Born in Seoul and raised in New York, siblings Dae and Cindy Lim are behind the fashion label influenced with Korean culture but mixed with western styles. What’s more is that the fashion line is not just streetwear, but in actual fact smokewear. Sundae School is a stand-up to some of the conservative laws of South Korea, and in particular it’s very strict laws on marijuana. What’s more, the Lookbook of their latest line, 'Chapter 2: When Tigers Used To Smoke', works with another taboo in Korean culture, tattoos, all whilst modelling variations of traditional Korean dress and patterns. Sundae School could be described as punk with chic, anarchy with sophistication. I had a chat with Cindy about their latest line to find out more. 


Sundae School

An interview with Cindy Lim

by @steveroe_

photography: @yejinjung0415

HHQ- Sundae School CH2 Lookbook.jpg

What are the stark differences between culture in South Korea and the USA and how has that influenced the creation of Sundae School?

When people think of Korea there’s a certain culture that people can relate to right away, and that’s because it’s homogeneous as a population. There’s a mainstream culture going on, there are different shades of the culture going on but it’s definitely less variety, and the range is less wide than America. I think fundamentally that’s what’s different about the culture between Korea and the USA. You can’t really define what the American culture is because there are so many different elements going on, and also because it’s a bigger country, there’s a lot more people. 

Sundae School is like Dae’s and my baby, because it’s a reflection of what we saw growing up. Our first collection was called 'Chapter 1: Genesis' and our name is Sundae School, pun intended, because Dae and I grew up in a very religious household where we were really encouraged to go to Sunday school. My parents would go out and we weren’t able to be left alone so we had to follow them to church and Sunday school. Our parents were super in to education, my mom isn’t the so called ‘tiger mom’ (a Korean phrase for a very strict mother), my parents are super nice but they have a high emphasis on education so our t-shirts say ‘honor rollers’ and ‘high rollers’. So it was growing up under our parent’s roof that influenced the creation of Sundae School, and to put it under a broad, generic and stereotypical way, that is the Korean culture because my parents are more Korean than American.


Which one of you got in to fashion first? Do each of you have a specific role to play or is it very much a collaborative thing?

Dae was the one who got in to fashion first, he is the creative behind everything and designs it. We hang out all the time, so I give him influence, he asks me whether this is better or this is better, but he does all the creative directing and I do the business development; I do all the operations like the business, the finance and marketing. 


Talk us through some of the aspects of your designs that you are most proud of.

I really like our second collection, our first collection was a great inaugural collection and brought a lot of attention because it was controversial. But I am more of a fan of our second collection because the art is a lot more interesting. We went a little higher with this second collection, we have collection items and merch items. Within the second collection, in merch I’m most proud of our shirt called danchung, basically it’s a traditional Korean pattern that you can find in Korean buildings, we took that pattern and replicated that but added a little tweak to it which is on the sleeve of our shirt; it’s a chic twist of the Korean aesthetic. In our fashion line our pin striped suit, it’s called Pinbok, we reinterpreted the traditional Korean Hanbok (tradition Korean dress) by having elements of Hanbok design in it but adding western textiles, and as we are an Asian-American brand we added denim and pin stripes. The fit is amazing too, it makes you look stylish without effort.

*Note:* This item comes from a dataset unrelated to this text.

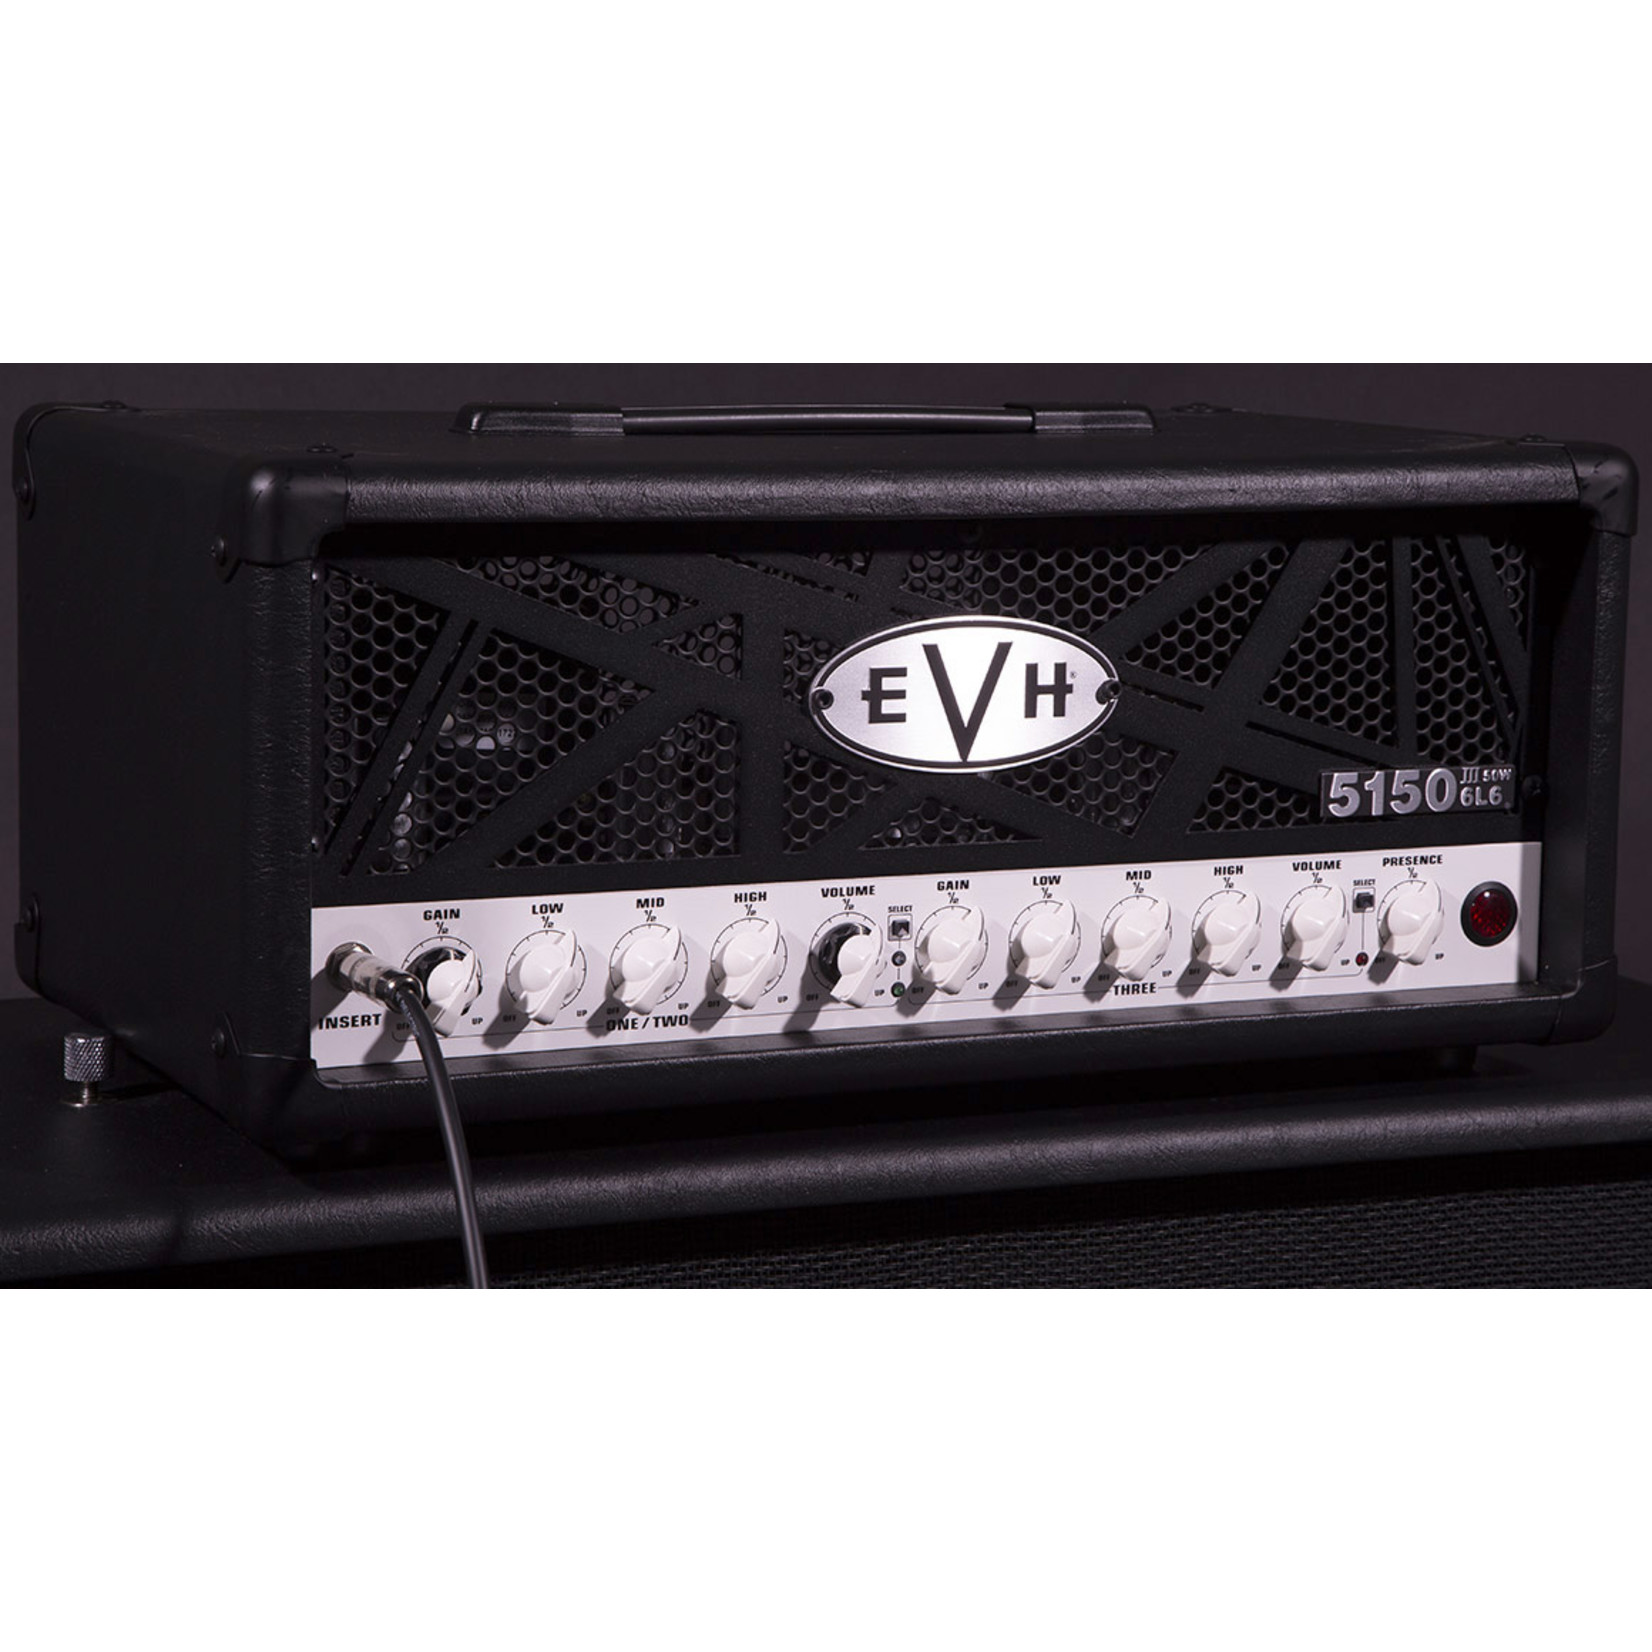 EVH EVH 5150III® 50W 6L6 Head, Black

What is the meaning behind "When Tigers Used To Smoke?”

You can compare it to the parable of ‘Once upon a time’ and old folklores. So when Koreans would tell stories they would say ‘When tigers used to smoke’ instead of ‘Once upon a time’. So that was the opening phrase, so that’s taking in to account the traditional Korean history, but then we gave it a twist and took the literal definition of tigers smoking. 


How do you believe South Korea can become less conservative on issues like smoking and even within the tattoo industry?

When we were doing our look book photoshoot I became friends with all of the models that we were working with, and one guy couldn’t even go on TV even though he is such a character, because Korean media doesn’t like tattoos and he had way too many, as well as on his face. But then again, I guess it took time for the USA to become this liberal too, so I think it will happen. There is a forerunner of this in Korea with the legalise Marijuana movement for medical purposes. But I think we need to change the outlook of people, because the law is becoming more strict especially under the current president. We need to change people’s outlook from marijuana as devil’s lettuce, just from the sheer fact that they have never tried it because people fear what they’ve never tried. It’s like people always tend to believe in what they had believed from the beginning of their birth, which is that drugs are super bad and marijuana is a drug and it’s forbidden. I just think if the notion of that slowly changes then we will see hope.